2. Transpalatal Approach The advantage is excellent surgical exposure, direct visualization of the lesion, complete removal of the septum, and optimal use of mucous membrane to cover the wound. Suitable for thicker atretic septa.
(1) Position and Anesthesia The child is placed supine with the head extended backward. A 0.1% adrenaline cotton pad is placed against the anterior wall of the atretic septum in the deep nasal cavity. A small amount of 1% procaine with adrenaline is injected at the junction of the hard and soft palate to reduce intraoperative bleeding. General anesthesia is administered via tracheostomy.
(2) Incision An Owens semicircular incision is made on the hard palate, cutting through the mucous membrane, with the ends extending posteriorly to the maxillary tuberosity. The mucoperiosteal flap is dissected to the edge of the hard palate (Figure 1).
Figure 1: Semicircular incision (Owens incision)
(3) After exposing the posterior edge of the hard palate, a thick suture is passed through the freed mucoperiosteal flap for posterior traction (Figure 2).
Figure 2: Dissection of the mucoperiosteal flap to the posterior edge of the hard palate, followed by freeing the posterior mucous membrane along the back of the bony septum.
(4) Remove the atresia interval. Separate the nasal floor mucosa on the posterior side of the hard palate (nasal floor surface). Use rongeurs to remove part of the posterior edge of the palatal bone on the affected side, revealing the bony septum slanting toward the sphenoid body. Separate the mucosa behind the bony septum, chisel away the septum, and then remove a portion of the vomer along its posterior edge using the method of submucosal resection of the nasal septum to maximally enlarge the posterior nasal aperture and ensure patency. The mucosa anterior and posterior to the bony septum and at the posterior end of the nasal septum can be used to cover the exposed bone surfaces (Figure 3).

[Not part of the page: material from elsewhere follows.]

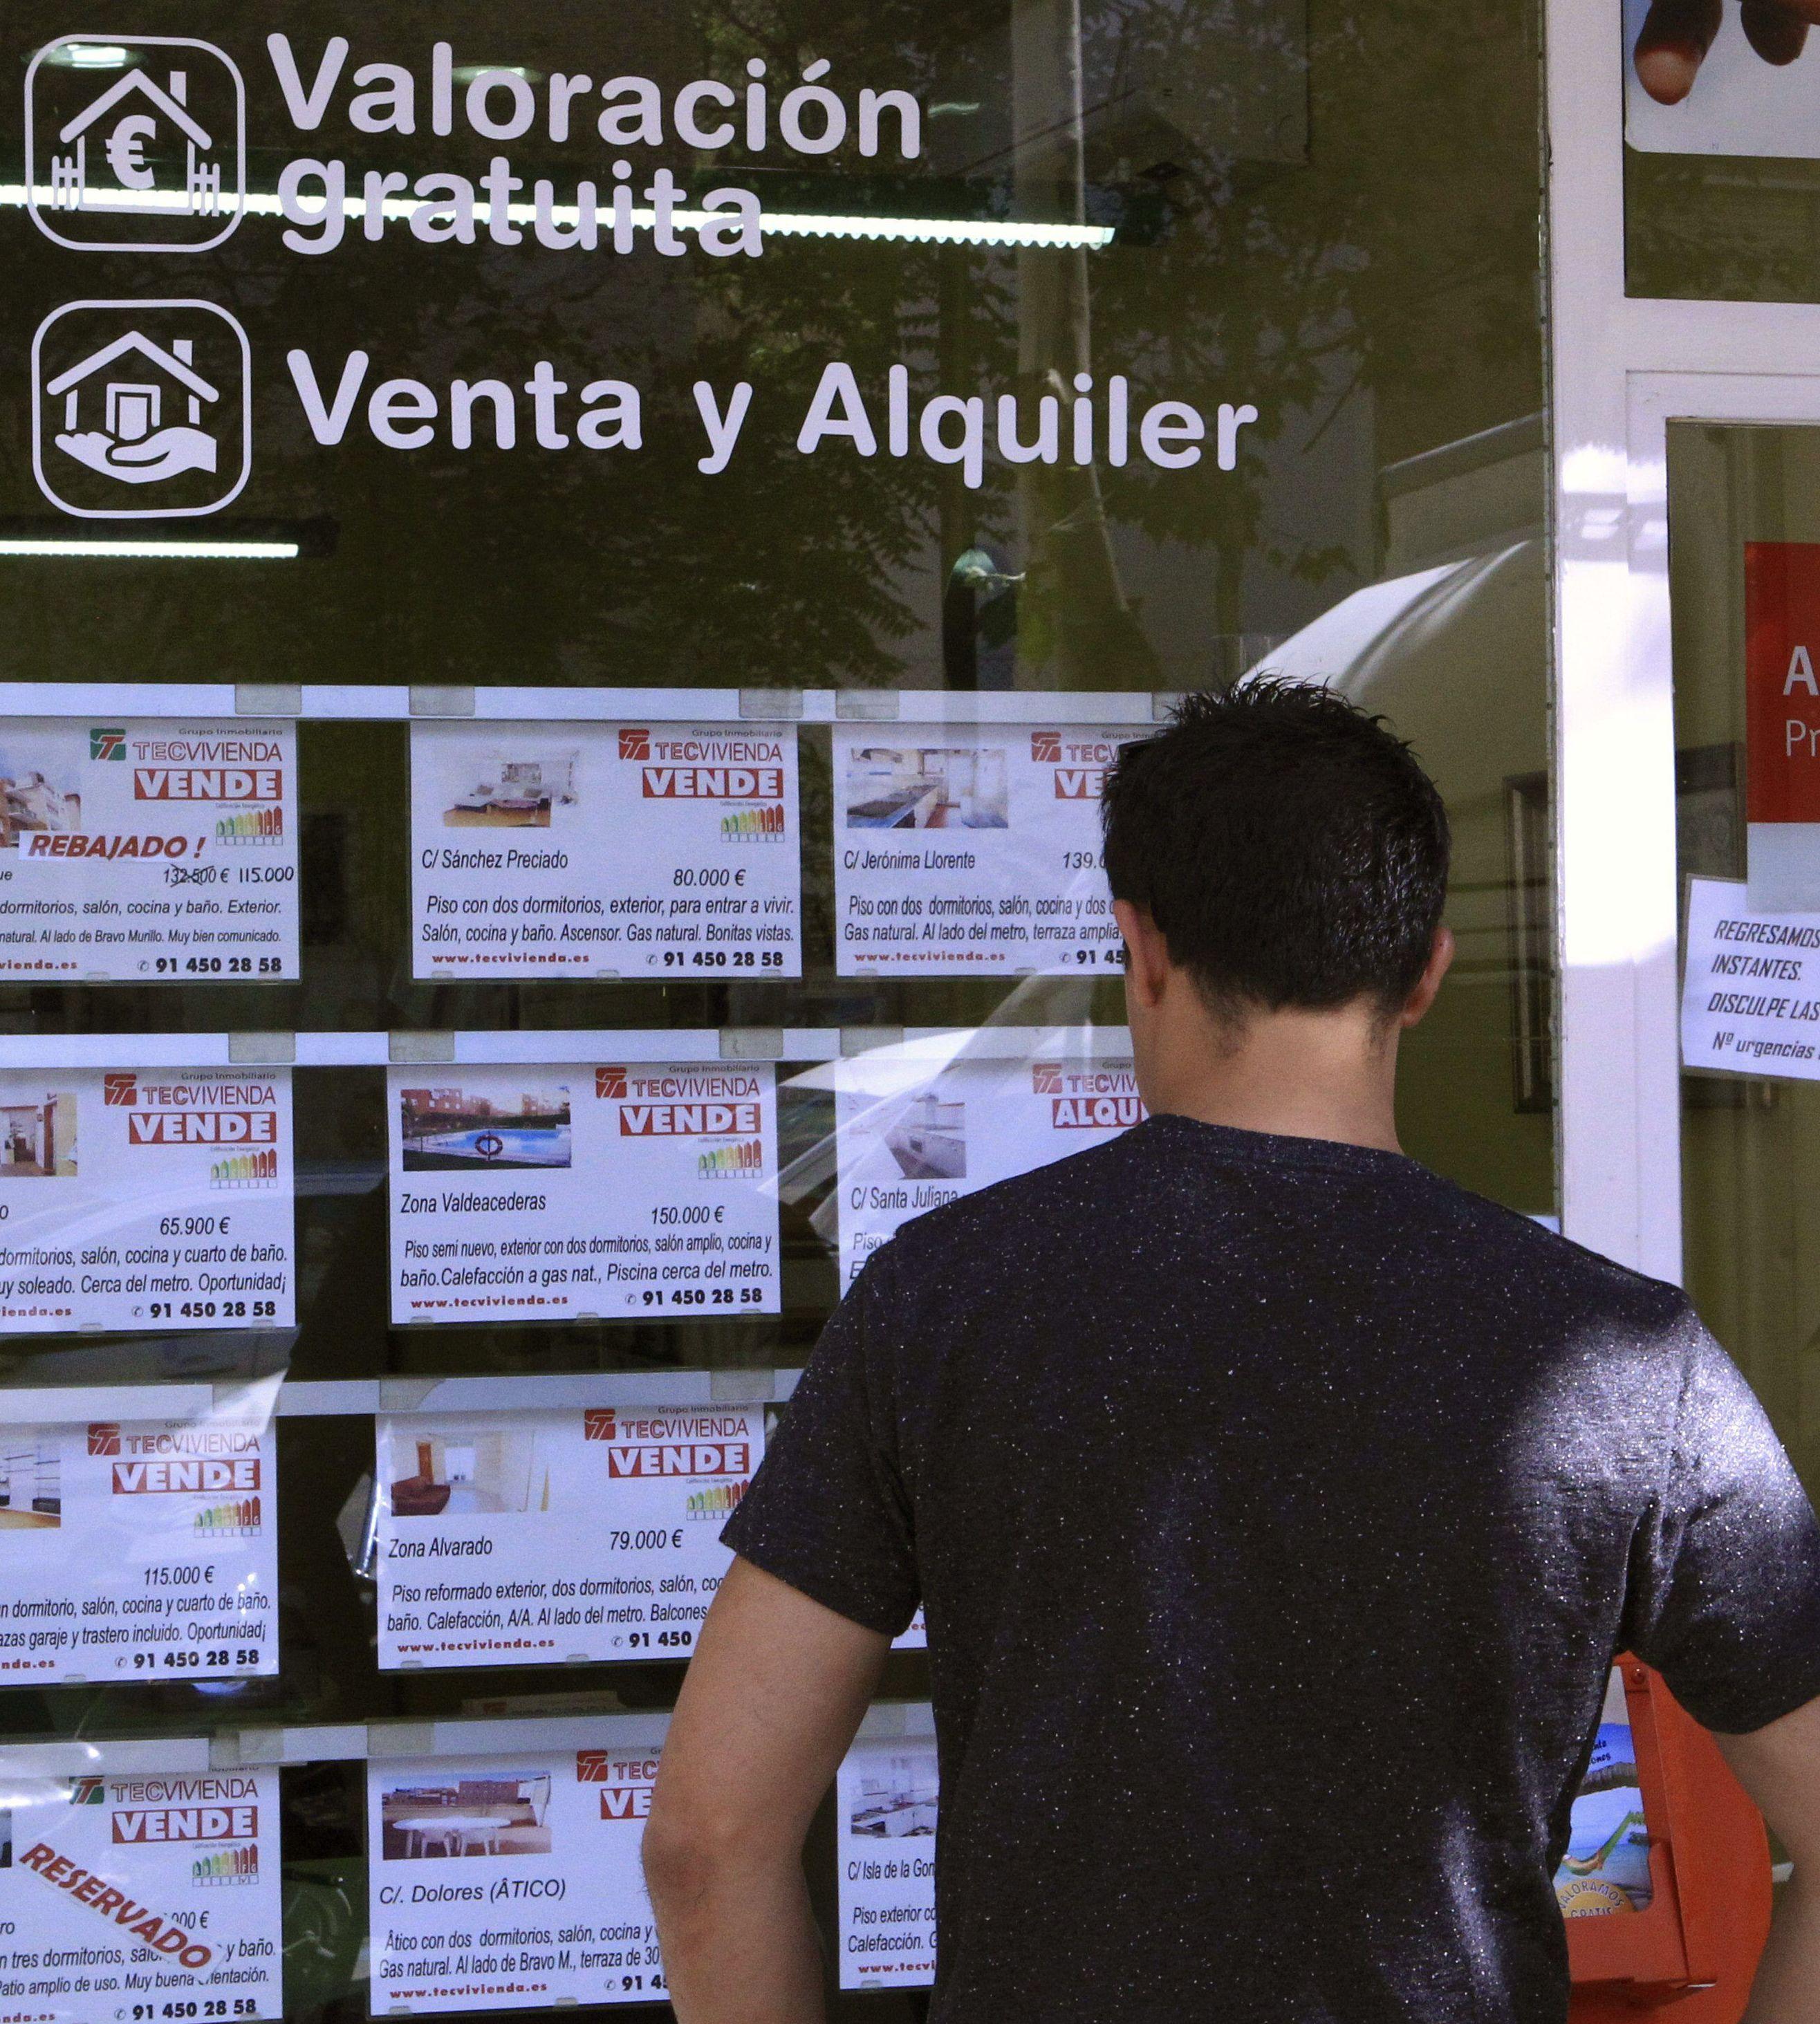 e193a03e0 Cómo está el precio del alquiler en España? - Republica.com

Figure 3 Remove the bony septum, incise the anterior membranous adhesion, and use the membranous adhesion to cover the lateral wall
(5) Suture the incision Reposition the mucoperiosteal flap of the hard palate incision and suture it tightly with fine silk thread. If there is any tearing near the soft palate, it should also be sutured meticulously to avoid postoperative perforation. Finally, insert a rubber or plastic tube through the anterior nostril to secure the trimmed nasal mucosal membrane. Remove the rubber tube after 4 weeks and schedule regular follow-ups. If postoperative adhesions occur in the posterior nasal aperture, they should be addressed promptly, with dilation performed if necessary (Figure 4).

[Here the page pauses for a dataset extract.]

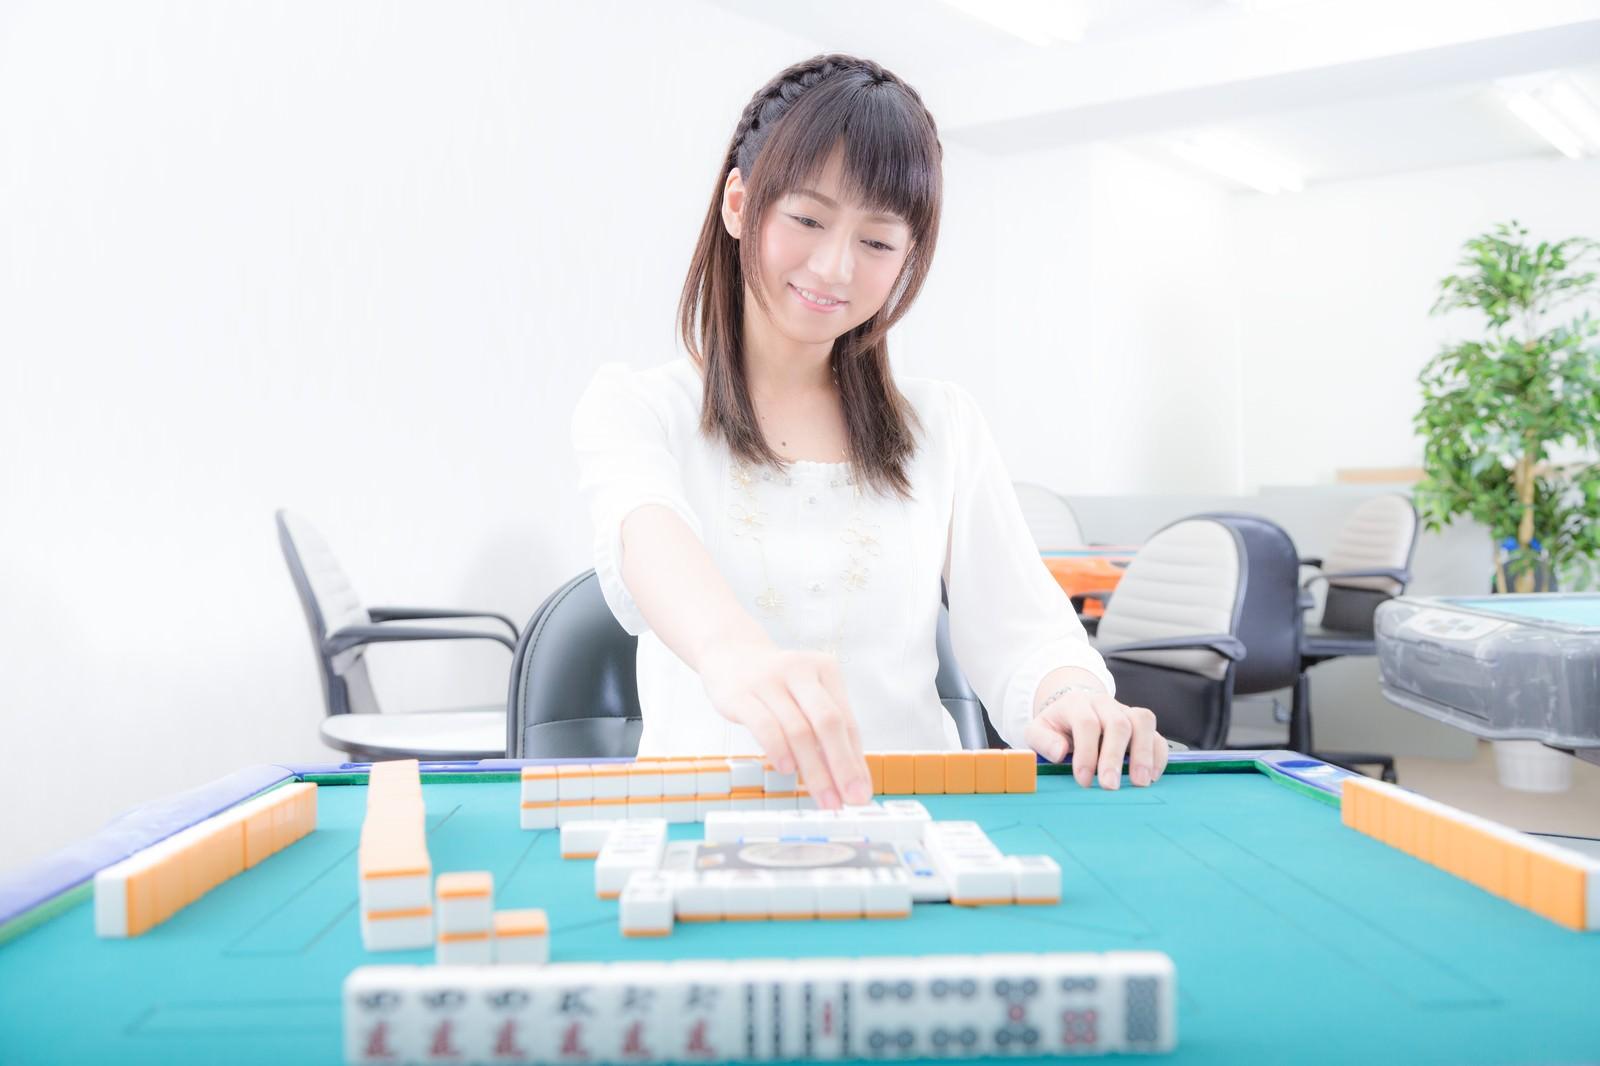 「「リーチ!」とかわいらしく打牌する女性「リーチ!」とかわいらしく打牌する女性」[モデル:米崎奈棋]のフリー写真素材を拡大

Figure 4 Thin the posterior membranous adhesion of the bony septum, attach it to cover the roof, and finally reposition and suture the hard palate mucoperiosteal flap
3. Transnasal Septal Approach This method is only suitable for treating choanal atresia in adults. It can be used for unilateral, bilateral, membranous, or bony cases.
(1) Position and anesthesia Same as submucous resection of the nasal septum.
(2) Incision Use a Killian incision or make a slightly posterior incision.
(3) Elevate the mucoperiosteum The extent should be as wide as possible, especially superiorly and inferiorly, and may include the mucosal membrane of both nasal floors to expand the posterior field of view.
(4) Incise the nasal septal cartilage and elevate the mucoperiosteum on the opposite side of the nasal septum, extending the dissection as widely as possible. When dissecting posteriorly, part of the nasal septal cartilage and perpendicular plate of the ethmoid bone can be removed. Upon encountering the bony septum, use a chisel to remove it until the anterior wall of the sphenoid sinus is visible. Finally, insert a rubber or plastic tube through the anterior nostril to prevent choanal adhesions. Postoperative periodic dilation may be performed if necessary.
4. Transmaxillary Sinus Approach This method is only suitable for unilateral choanal atresia in adults. It utilizes the de Lima procedure to open the posterior ethmoid sinus via the maxillary sinus, reaching the choanal region to excise the atretic septum.